On this day, Britain announces that all travel between Ireland and the United Kingdom is suspended, the result of the Irish government’s refusal to expel Axis-power diplomats within its borders.
In 1922, an independent Irish republic was established after generations of conflict between Ireland and Britain. One of the conditions of that agreement was that Britain would retain control of three naval bases along the Irish coast in order to continue Ireland’s defense. But as war loomed in the late 1930s, Irish Prime Minister Eamon de Valera negotiated an agreement that ended the British occupation of those naval bases; Ireland had declared a pre-emptive state of neutrality in any European war, and the presence of the Royal Navy on independent Irish soil violated that neutrality. De Valera did not want Ireland to become an object of attacks aimed at Britain.
De Valera was willing to bargain away Irish neutrality, though, in exchange for Northern Ireland’s being returned to the Irish Republic. The British were not willing to pay that price but did agree to end conscription in Northern Ireland once De Valera denounced conscription–because it forced Irish men to fight in what De Valera believed was an English war–as an “act of aggression.”

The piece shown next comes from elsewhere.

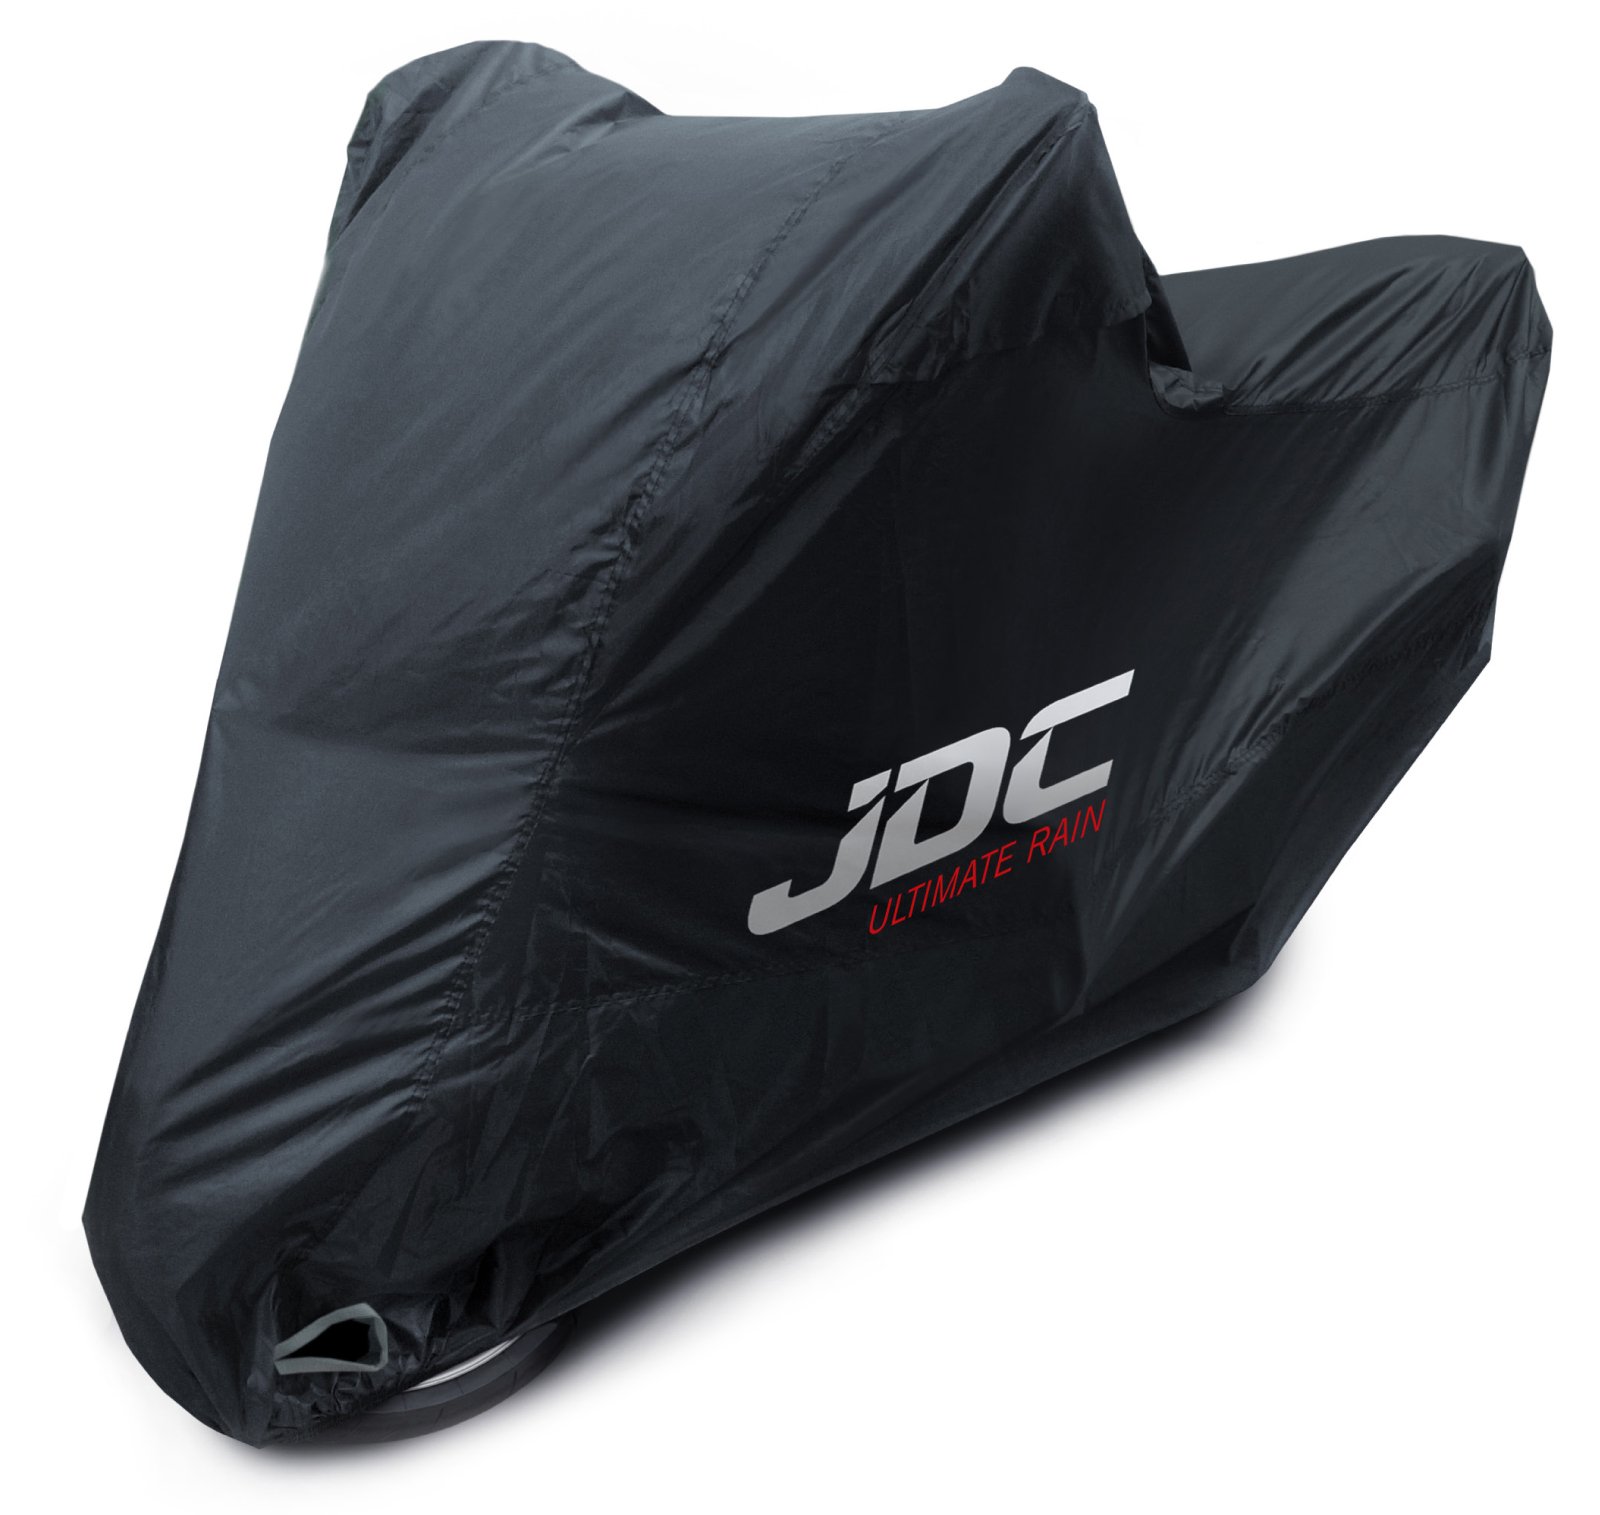 JDC 100% wasserdichte Motorradabdeckung – Ultimate RAIN (Strapazierfähig, weiches Futter, hitzebeständig, verschweißte Nähte) - XL Tall

Irish neutrality was challenged in 1941, with German air raids against Dublin. It was challenged again in 1942, when the United States landed troops in Northern Ireland, under the understanding that it was under the control of its ally, Britain. De Valera protested. President Franklin D. Roosevelt was stunned at this intransigence and applied pressure to the de Valera government, attempting to change Ireland’s neutrality stance. De Valera did not relent. Finally, when the Irish prime minister refused to expel from Ireland the diplomats of the Axis powers, Britain retaliated by suspending all travel between the Irish Republic and the United Kingdom. Ireland did not flinch and, when the war ended, developed good relations with all the powers involved.